→ **What is being asked**
Pictures excluded, copy all of the data below exactly.

→ **Supplied information**

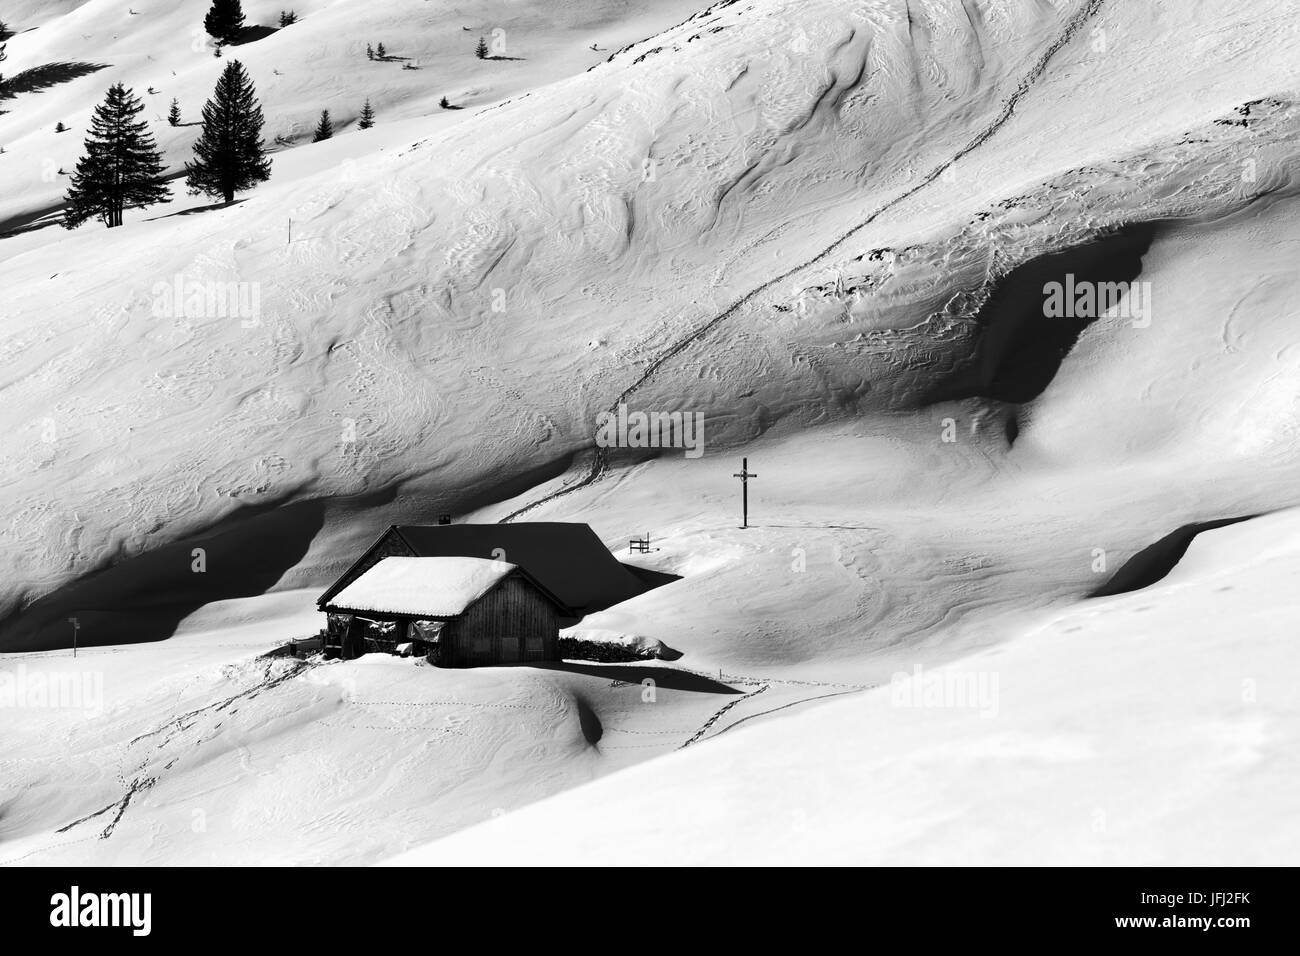 Kugel Alp in winter Stock Photo
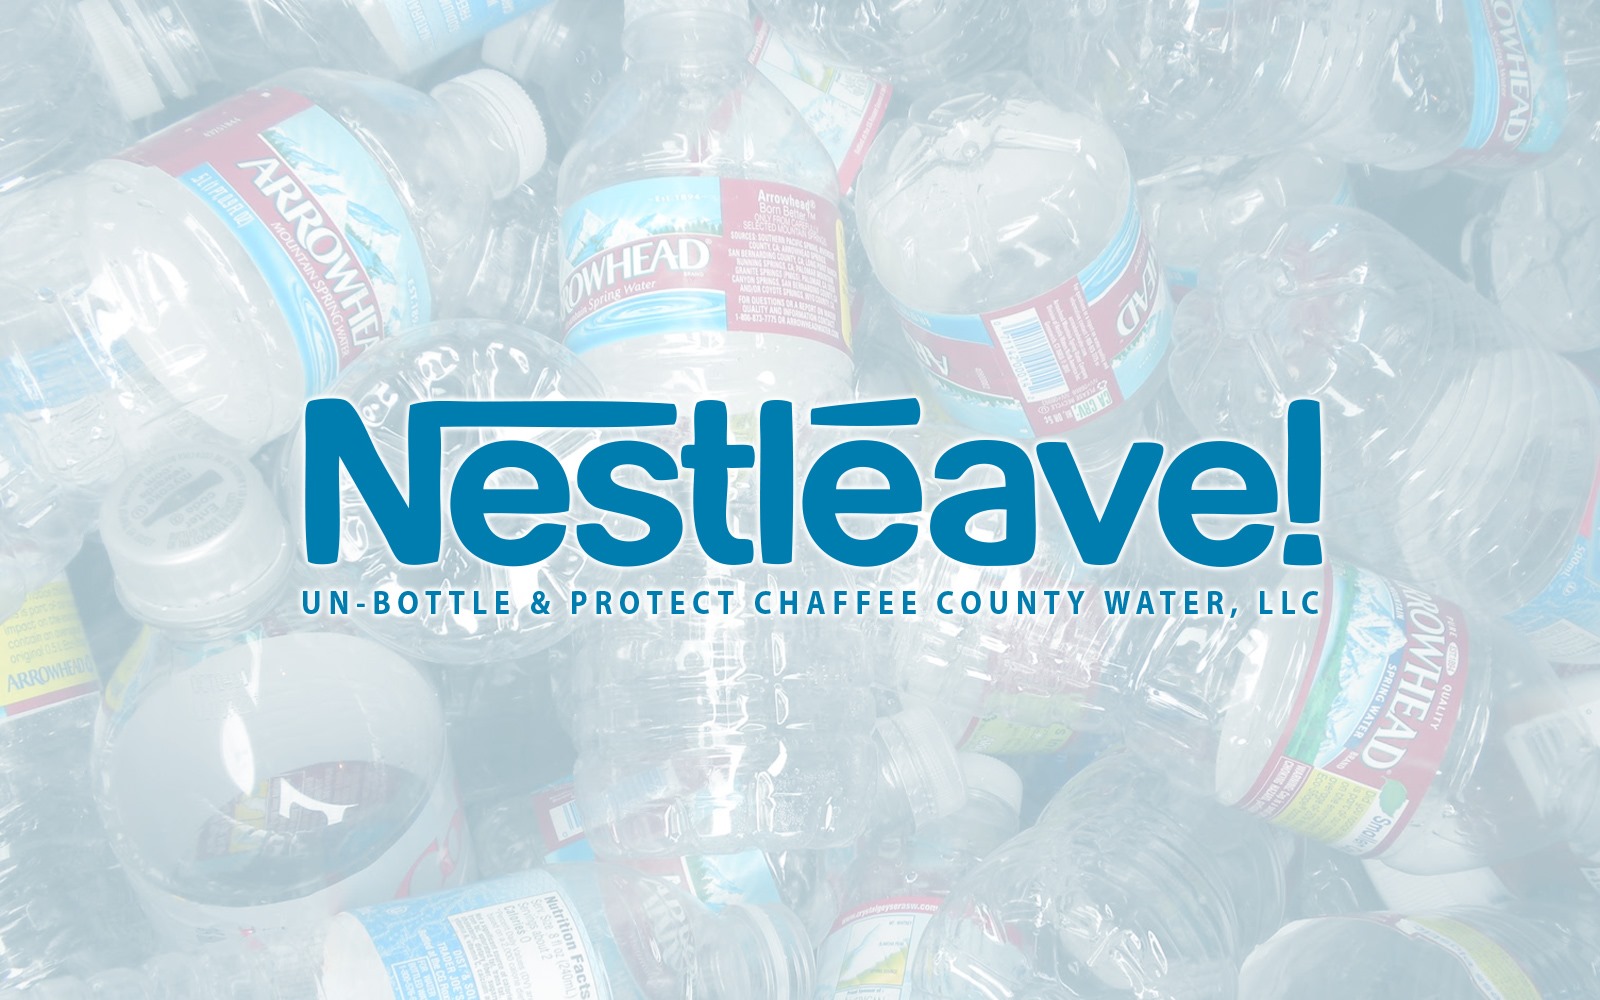 U.S. Rep. Tlaib headlines digital rally opposing Nestlé
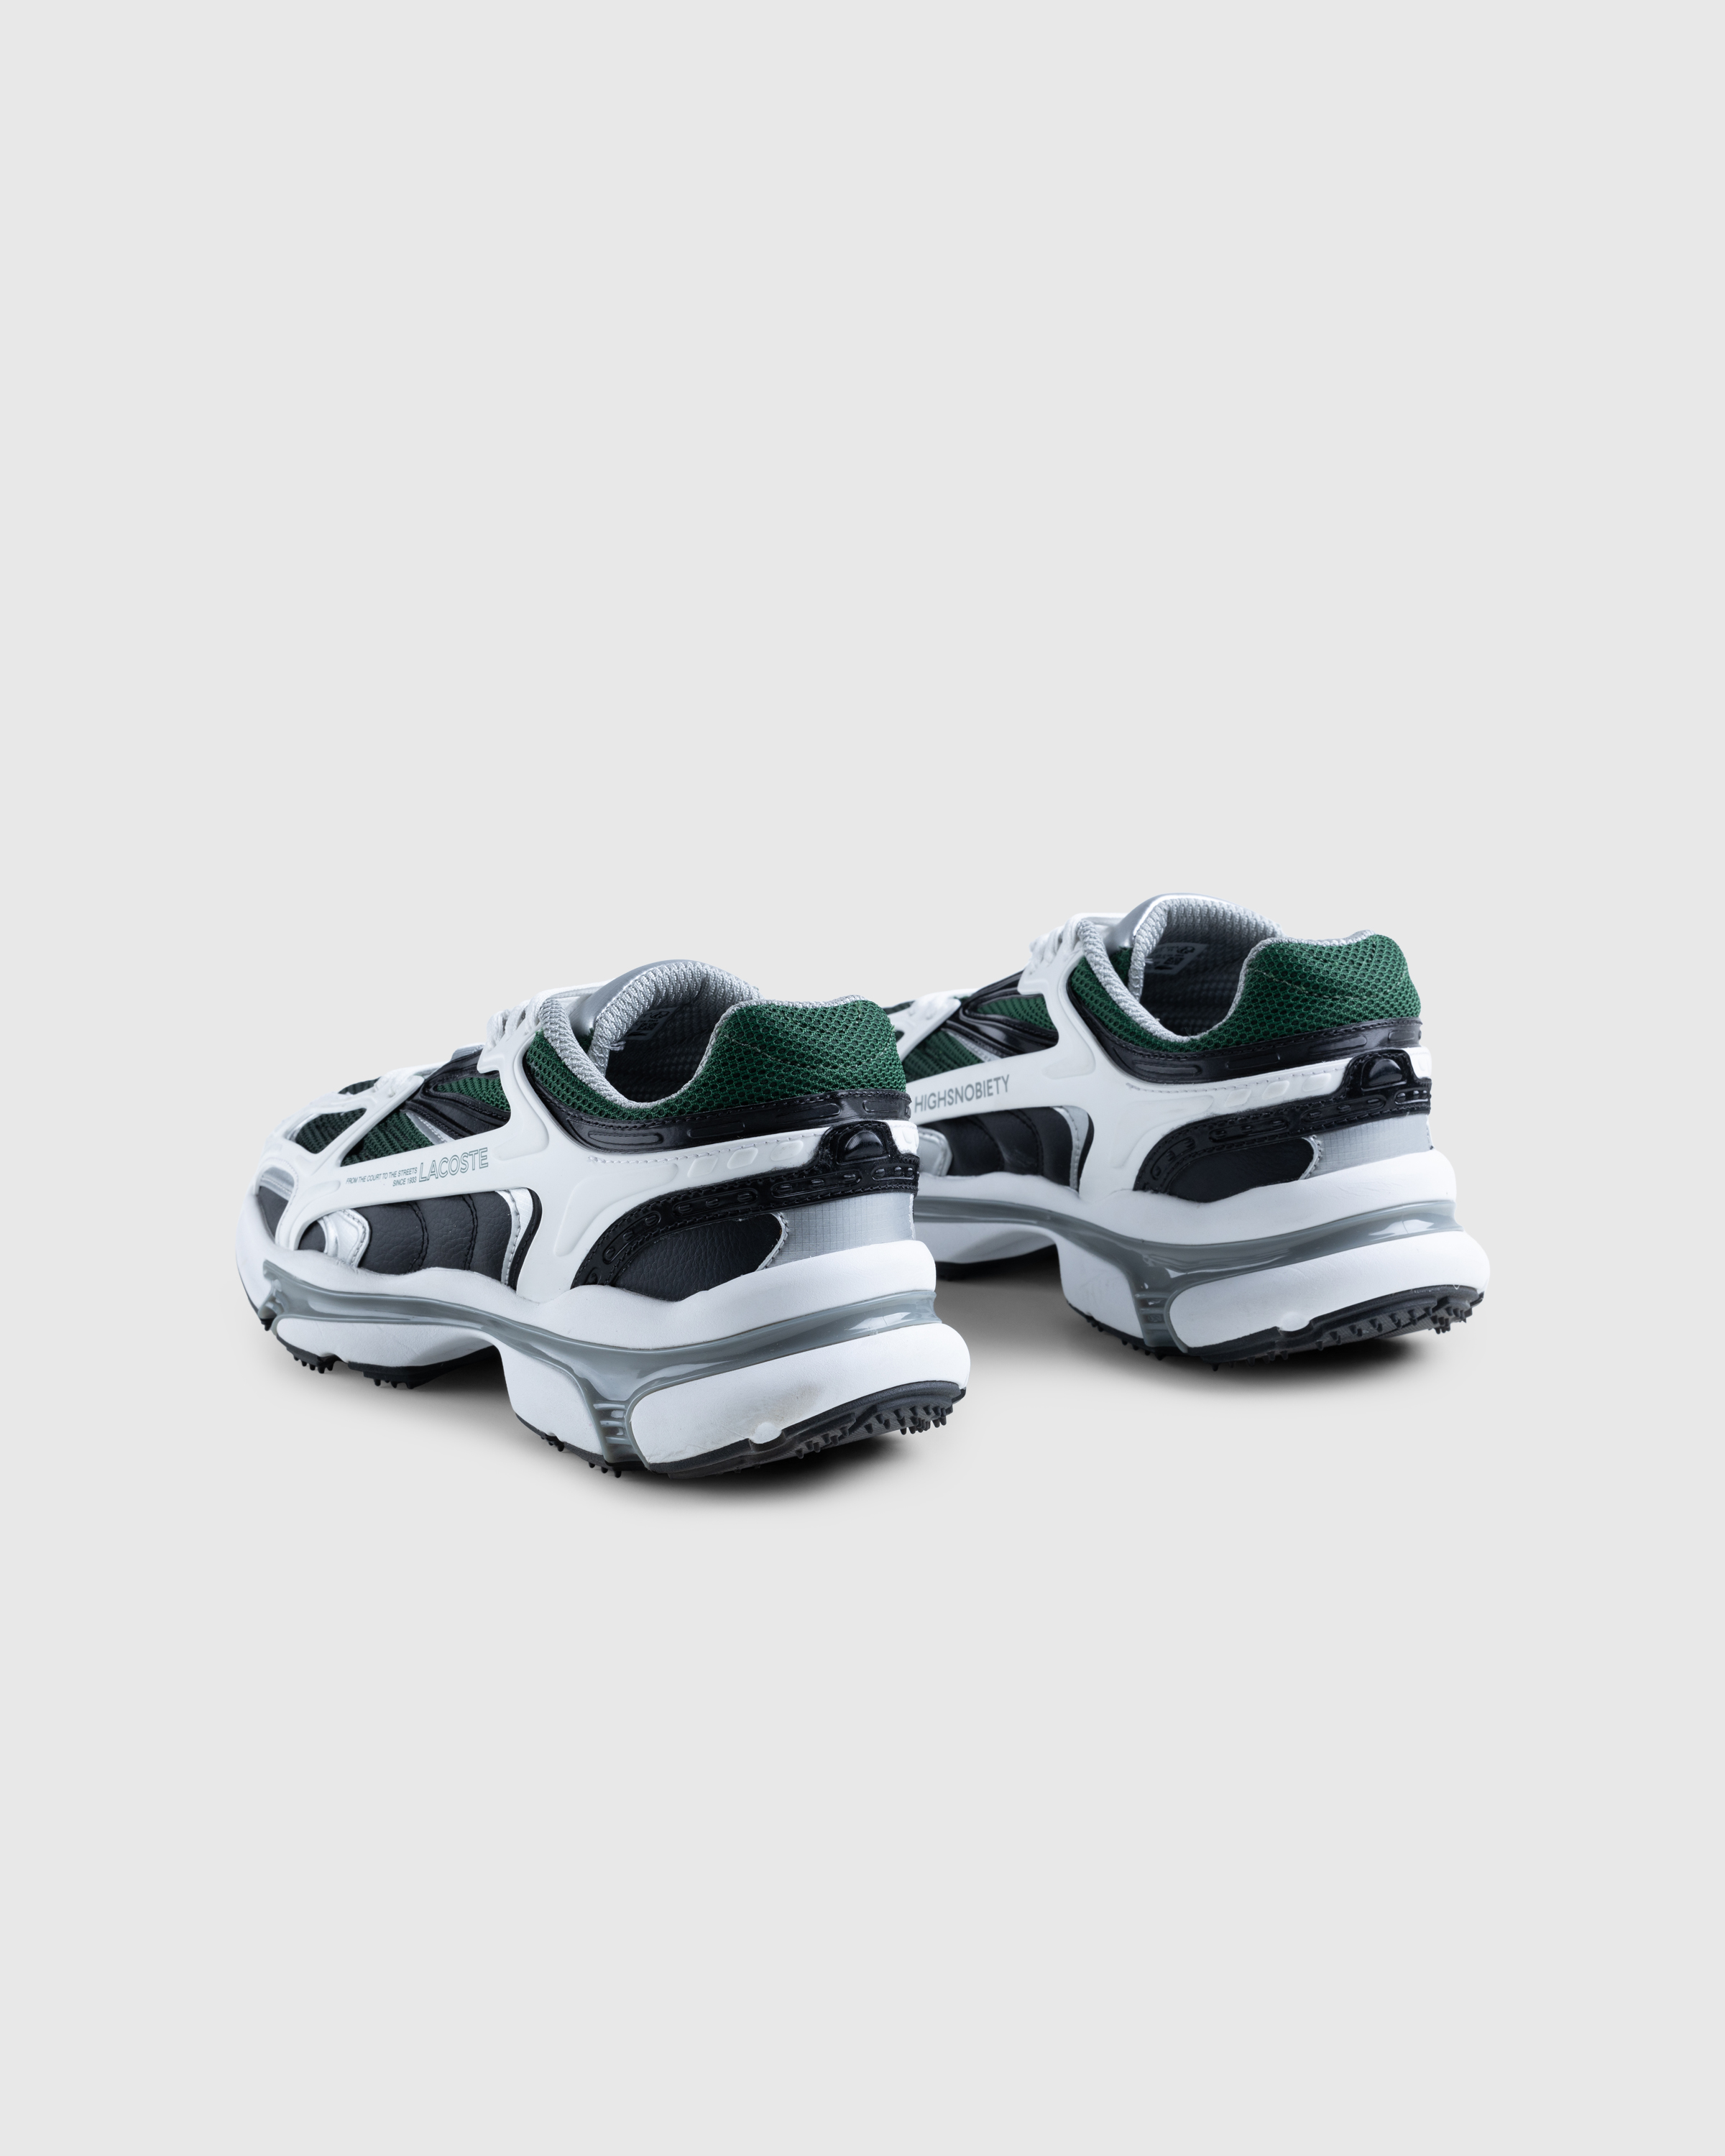 Lacoste x Highsnobiety – L003 2k24 (W) "Not In Paris" Multi - Low Top Sneakers - Green - Image 4
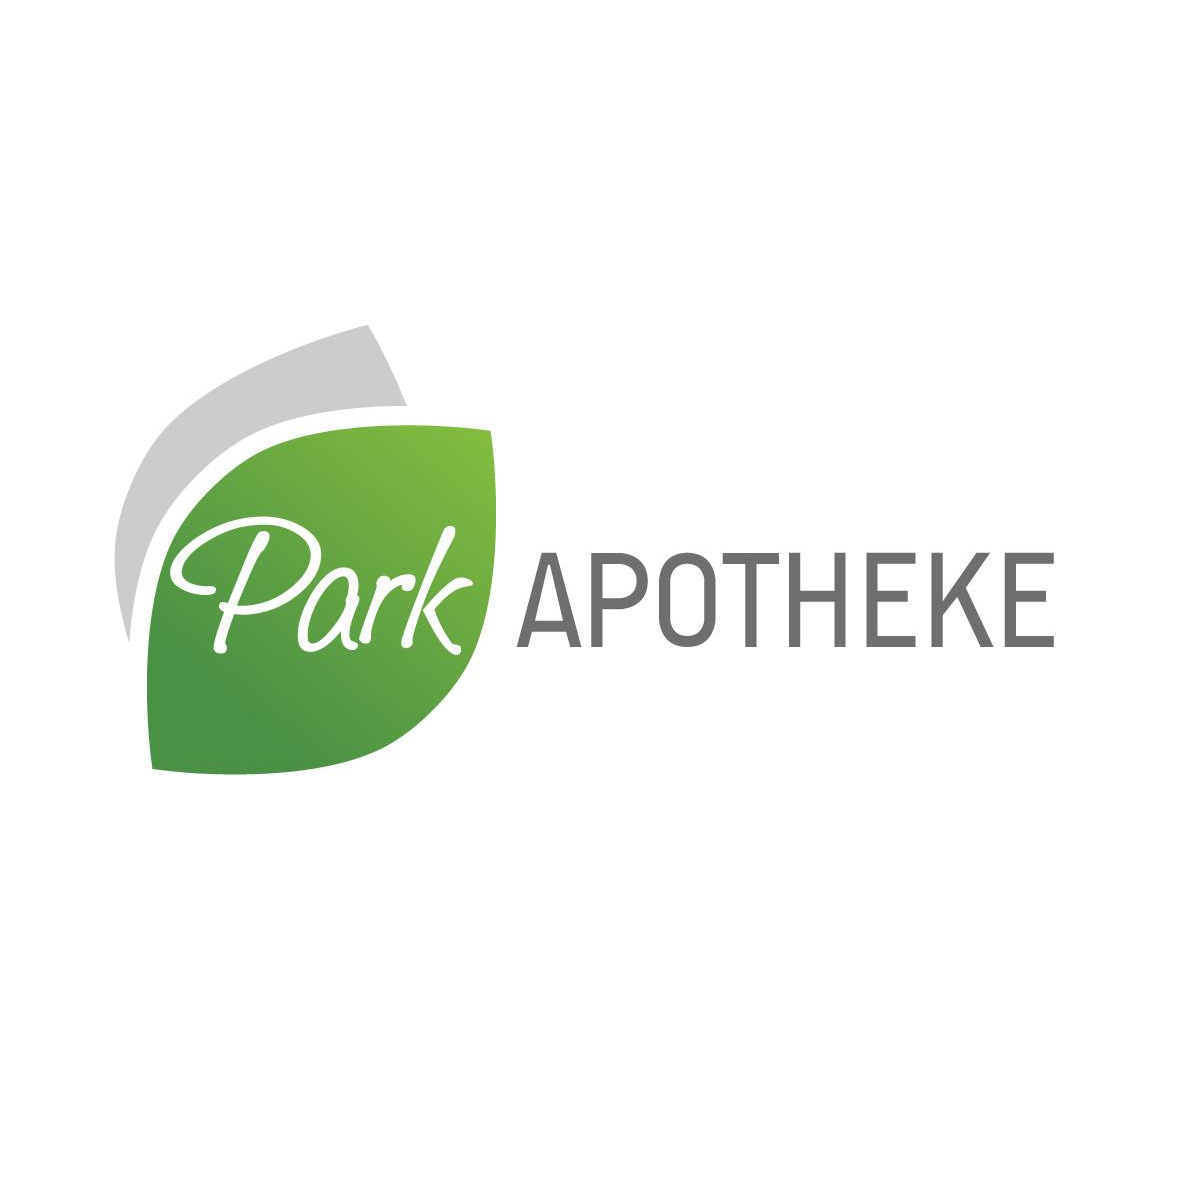 Park Apotheke in München

→ **Output of the task**
 Kugel Alp in winter Stock Photo
 U.S. Rep. Tlaib headlines digital rally opposing Nestlé
 Lacoste x Highsnobiety – L003 2k24 (W) "Not In Paris" Multi - Low Top Sneakers - Green - Image 4
 Park Apotheke in München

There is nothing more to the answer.